Move data from DB2 by using Azure Data Factory Copy Activity

Note

This article applies to version 1 of Data Factory, which is generally available (GA). If you are using version 2 of the Data Factory service, which is in preview, see DB2 connector in V2.

This article describes how you can use Copy Activity in Azure Data Factory to copy data from an on-premises DB2 database to a data store. You can copy data to any store that is listed as a supported sink in the Data Factory data movement activities article. This topic builds on the Data Factory article, which presents an overview of data movement by using Copy Activity and lists the supported data store combinations.
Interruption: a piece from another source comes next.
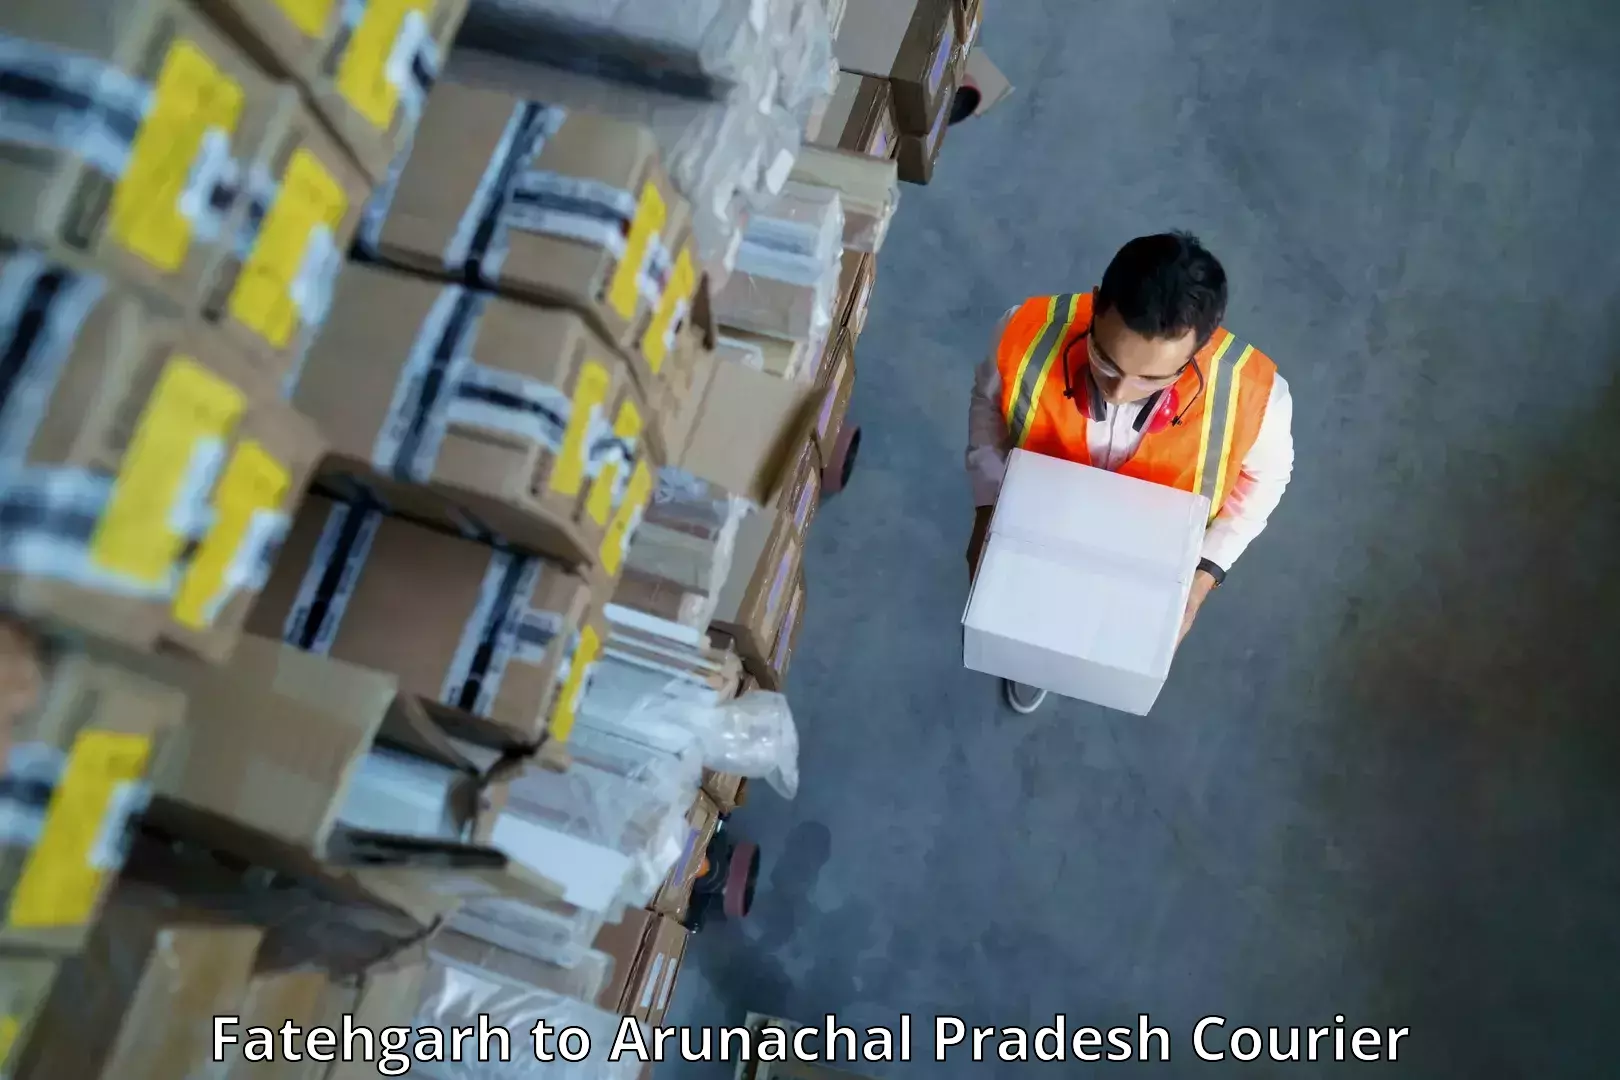 Courier service efficiency Fatehgarh to Naharlagun

Data Factory currently supports only moving data from a DB2 database to a supported sink data store. Moving data from other data stores to a DB2 database is not supported.

Prerequisites

Data Factory supports connecting to an on-premises DB2 database by using the data management gateway. For step-by-step instructions to set up the gateway data pipeline to move your data, see the Move data from on-premises to cloud article.

A gateway is required even if the DB2 is hosted on Azure IaaS VM. You can install the gateway on the same IaaS VM as the data store. If the gateway can connect to the database, you can install the gateway on a different VM.
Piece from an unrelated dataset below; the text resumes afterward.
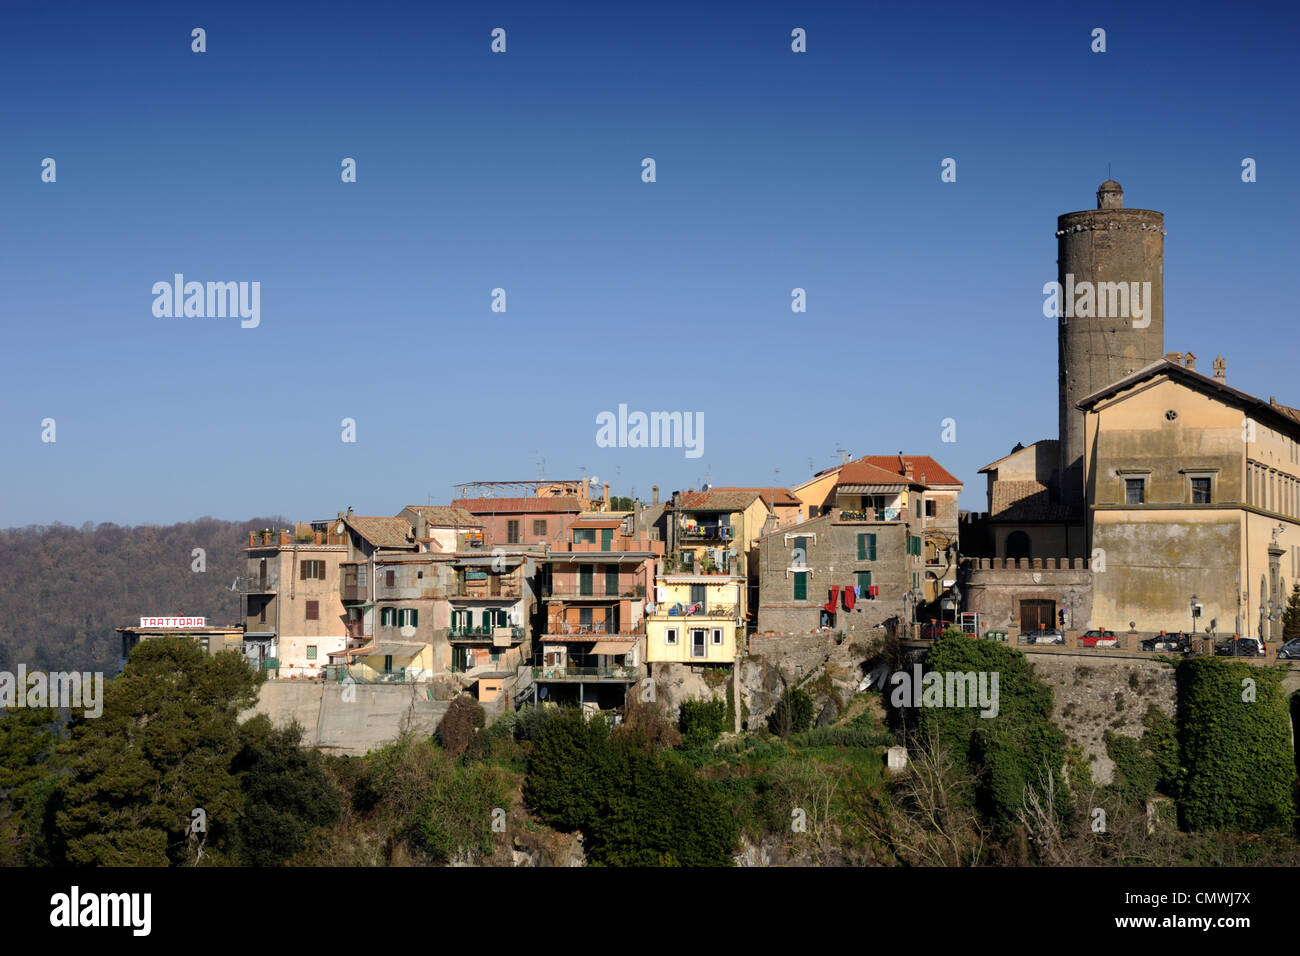 Italie, Latium, village de Nemi Banque D'Images

The data management gateway provides a built-in DB2 driver, so you don't need to manually install a driver to copy data from DB2.

Note

For tips on troubleshooting connection and gateway issues, see the Troubleshoot gateway issues article.

Supported versions

The Data Factory DB2 connector supports the following IBM DB2 platforms and versions with Distributed Relational Database Architecture (DRDA) SQL Access Manager versions 9, 10, and 11:

  • IBM DB2 for z/OS version 11.1
  • IBM DB2 for z/OS version 10.1
  • IBM DB2 for i (AS400) version 7.2
  • IBM DB2 for i (AS400) version 7.1
  • IBM DB2 for Linux, UNIX, and Windows (LUW) version 11
  • IBM DB2 for LUW version 10.5
  • IBM DB2 for LUW version 10.1

Tip

If you receive the error message "The package corresponding to an SQL statement execution request was not found. SQLSTATE=51002 SQLCODE=-805," the reason is a necessary package is not created for the normal user on the OS. To resolve this issue, follow these instructions for your DB2 server type:

  • DB2 for i (AS400): Let a power user create the collection for the normal user before running Copy Activity. To create the collection, use the command: create collection <username>
  • DB2 for z/OS or LUW: Use a high privilege account--a power user or admin that has package authorities and BIND, BINDADD, GRANT EXECUTE TO PUBLIC permissions--to run the copy once. The necessary package is automatically created during the copy. Afterward, you can switch back to the normal user for your subsequent copy runs.

Getting started

You can create a pipeline with a copy activity to move data from an on-premises DB2 data store by using different tools and APIs:

  • The easiest way to create a pipeline is to use the Azure Data Factory Copy Wizard. For a quick walkthrough on creating a pipeline by using the Copy Wizard, see the Tutorial: Create a pipeline by using the Copy Wizard.
  • You can also use tools to create a pipeline, including the Azure portal, Visual Studio, Azure PowerShell, an Azure Resource Manager template, the .NET API, and the REST API. For step-by-step instructions to create a pipeline with a copy activity, see the Copy Activity tutorial.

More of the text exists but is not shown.